Alex took a bite, grunted around the food in his mouth, and swallowed before answering. “I’ll be here until end of November probably. Just need to get back to Tampa for a charity gig at the end of this month, and I might spend a couple weekends with my mom in Toronto. Other than that, I’m here.”

“You don’t need to be near your doctors for…” JP waved at Alex’s arm.

“There’s nothing they can do until the cast comes off. There might be some rehab after that, but we won’t know until my arm’s healed.”

“What will you do with yourself while you’re here?”

“Oh, shit!” Alex slammed a hand onto the table, startling his two friends. “I didn’t tell you guys. Do you remember Kate Harvey?”

“Nope,” Jay muttered.

JP straightened and his eyes went big. “From our creative writing classes?”

“Wait, the one who wouldn’t give you the time of day?” Jay asked JP.

“That’s her,” Alex confirmed. “She works for a publisher in New York and approached me about writing a book about hockey.”

“Shut the fuck up. Dude!” Jay raised his glass in a toast. “That’s awesome.”

“What’s the book about?” JP asked.

“That’s the thing.” Alex wiped his hand on a napkin. “I don’t think the idea she pitched is going to work. She wants it to be autobiographical, chronicling my career. But truthfully, my story’s not that interesting. I’ve been trying to find another angle.”

“What about a highlights book?” Jay suggested.

“It’s been done to death. I was hoping to dive into the sport, get into the nitty gritty. I just have to figure out what direction to take it. Anyway.” He finished off his slice. “Tell me what’s going on here.”

They spent two hours talking about nothing and everything. Eventually, the crowd at Mama Jean’s thinned, then it got busy again as semi-drunk college kids came over from the bar for food before heading back to the dorms for the night.

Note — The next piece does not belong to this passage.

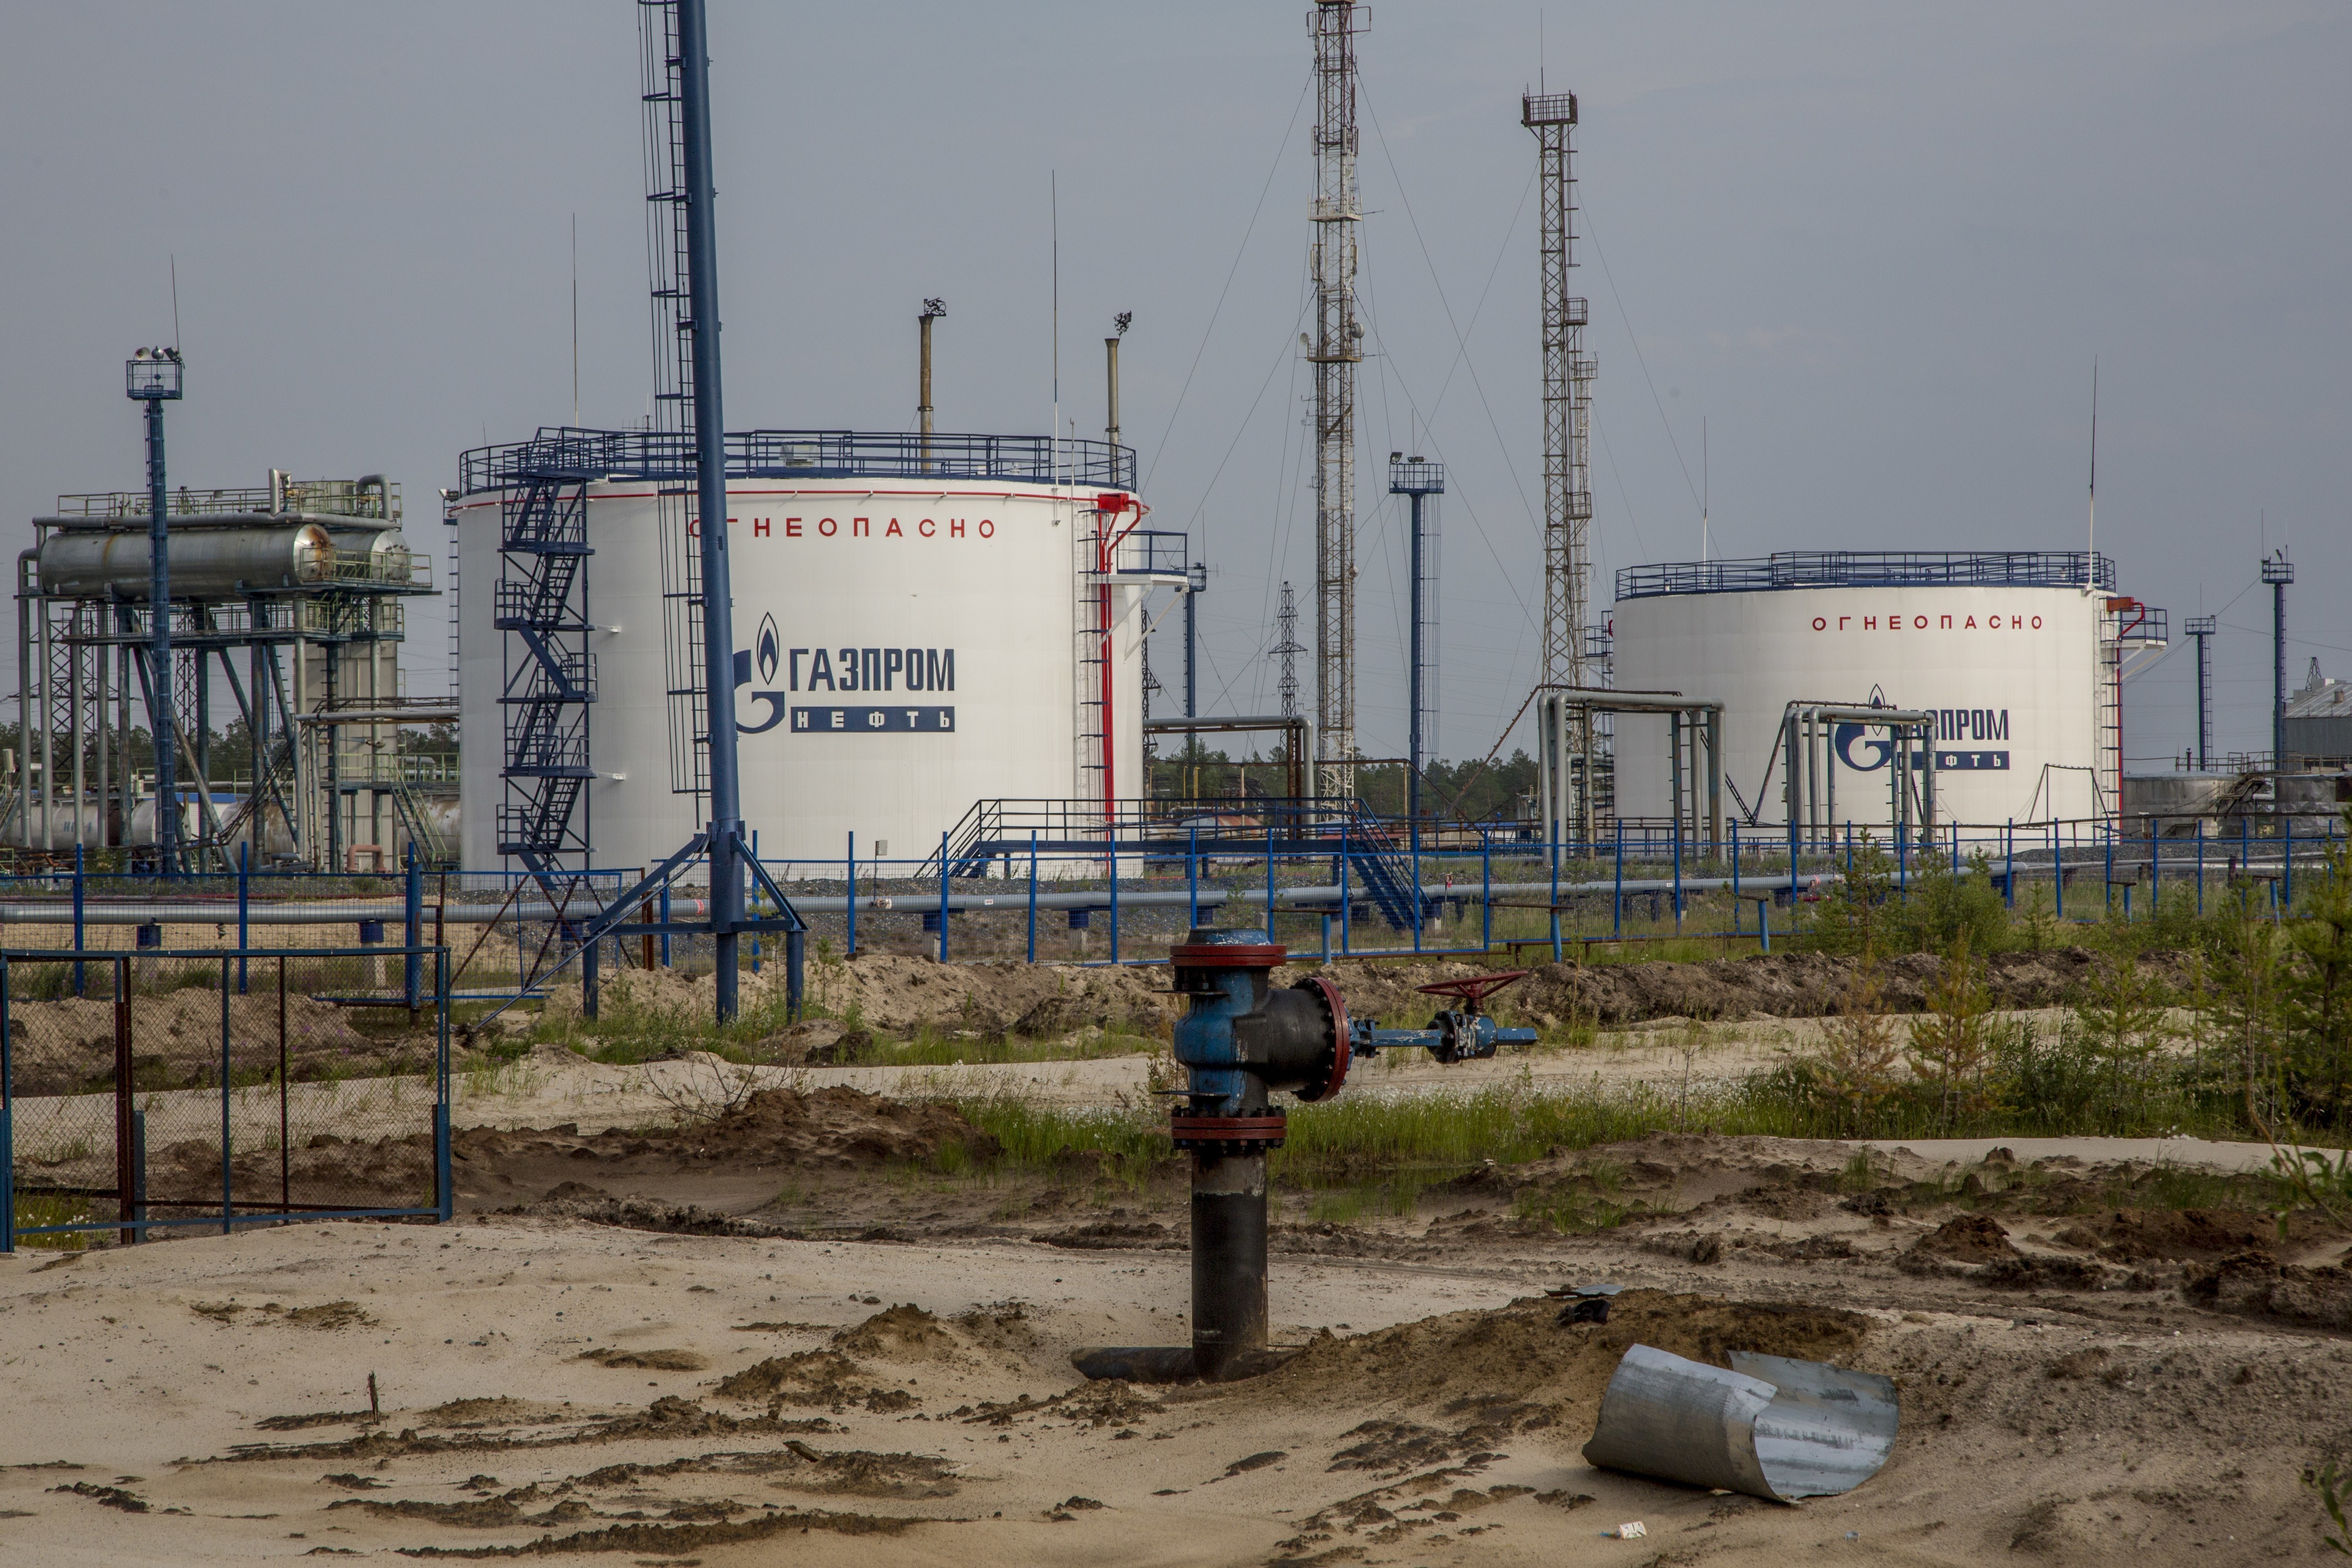 A Gazprom rekordmennyiségű földgázt exportált Európába az idén

It wasn’t until they were getting ready to leave that Alex discovered a giant purple drawing on his cast.

He glared at Jay. “Dude, seriously? Did you not hear me say that I still have a charity event to attend?”

“You can educate them while you’re at it,” Jay said, smirking.

“Pretty sure the only thing he’d be educating them on,” JP said, peering closely at Alex’s cast, “is that you’re anatomically deluded.”

There, drawn with a purple Sharpie on Alex’s cast, was a giant cock and balls.